The working electrode of the desired toluene sensor probe was constructed with GCE coated by a thin uniform layer of wet-chemically prepared ZnO/MgO/Cr₂O₃ NFs. The required binding strength between the thin films of ZnO/MgO/Cr₂O₃ NFs and GCE was increased by the addition of Nafion adhesive. Due to the conductive nature of Nafion, it improves the conductance and electron transfer rate of the sensor reported previously.^52,53 In the electrochemical (I–V) analysis using the assembled sensor probe, the current density was measured on the surface of a thin film of ZnO/MgO/Cr₂O₃ NFs/GCE, and the holding time in the electrometer was set to 1 s as a constant throughout the experiment. To assess the selectivity of the sensor with the ZnO/MgO/Cr₂O₃ NFs/GCE electrode, the various environmental toxins with a concentration of 0.1 μM were analyzed at pH 7.0 in a potential range of 0 to +1.5 V. The resultant electrochemical responses of 2-acetylpyridin, M-xylol, 3-methylaniline, zimtaldehyde, 1,4-dioxane, toluene, chlorobenzene, hydroquinone, and paracetamol are presented in Fig. 6(a). Compared to the analyzed chemicals, toluene exhibited the uppermost electrochemical (I–V) response. According to the mechanism of the reaction (ix)–(xi), electrons are released in the aqueous system due to the oxidation of toluene on the surface of the ZnO/MgO/Cr₂O₃ NFs/GCE, which improved and enhanced the current responses against the potential during the electrochemical measurement. As the highest I–V response is obtained from toluene, it is then considered as the selective analyte for the sensor probe.

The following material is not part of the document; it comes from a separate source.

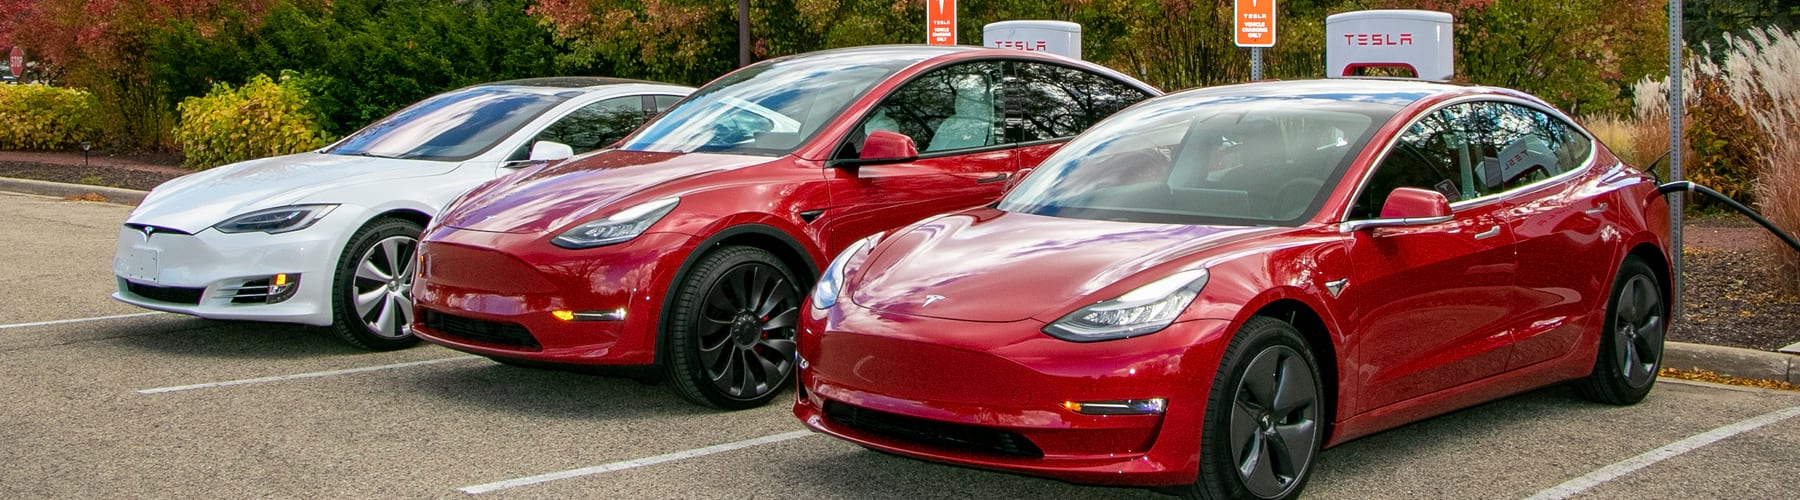 3 Tesla cars

Fig. 6 Optimization of the chemical sensor analytical performances of the ZnO/MgO/Cr₂O₃ NFs/GCE sensor probe, (a) selectivity assessment with analyte concentration of 0.1 μM, (b) pH optimization at 0.1 μM toluene, (c) electrochemical responses to toluene concentration, and (d) exploration of the calibration curve [inset: log(toluene-conc.) vs. current].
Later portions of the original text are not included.